Boston was no longer defensible.

Rather than risk catastrophic losses, Howe chose evacuation. Over the next two weeks British troops prepared to leave the city they had held since the spring of 1775. On March 17, more than 9,000 soldiers—along with loyalists who feared retaliation—sailed out of Boston Harbor under the protection of the Royal Navy.

Washington’s army marched into the city the same day.

The victory was more than symbolic. For the first time since the war began, the Continental Army had forced the British to abandon a major position. The triumph boosted morale across the colonies and demonstrated that the rebels, properly organized and led, could challenge Britain’s professional army.

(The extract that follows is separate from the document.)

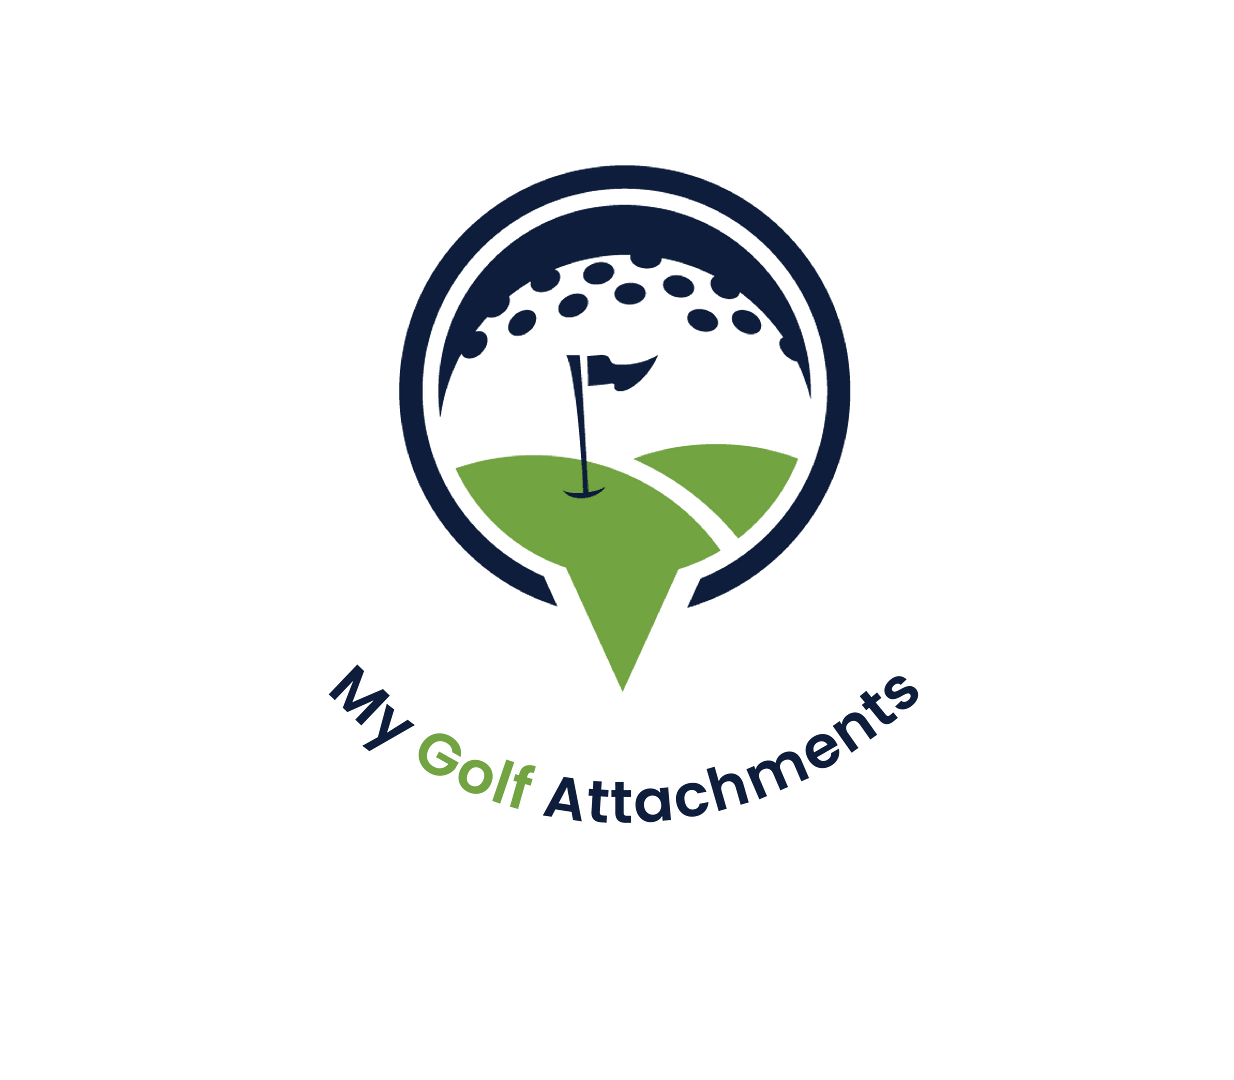 My Golf Attachments logo

Equally important, the episode revealed Washington’s emerging strengths as a commander. He showed patience when a reckless assault might have led to disaster, imagination in recognizing the strategic value of Dorchester Heights, and trust in subordinates like Knox who were willing to attempt the extraordinary.

The evacuation of Boston did not end the war. In fact, far greater struggles lay ahead—in New York, New Jersey, and eventually at Yorktown. But the events of March 1776 offered a powerful glimpse of what the revolutionaries might achieve.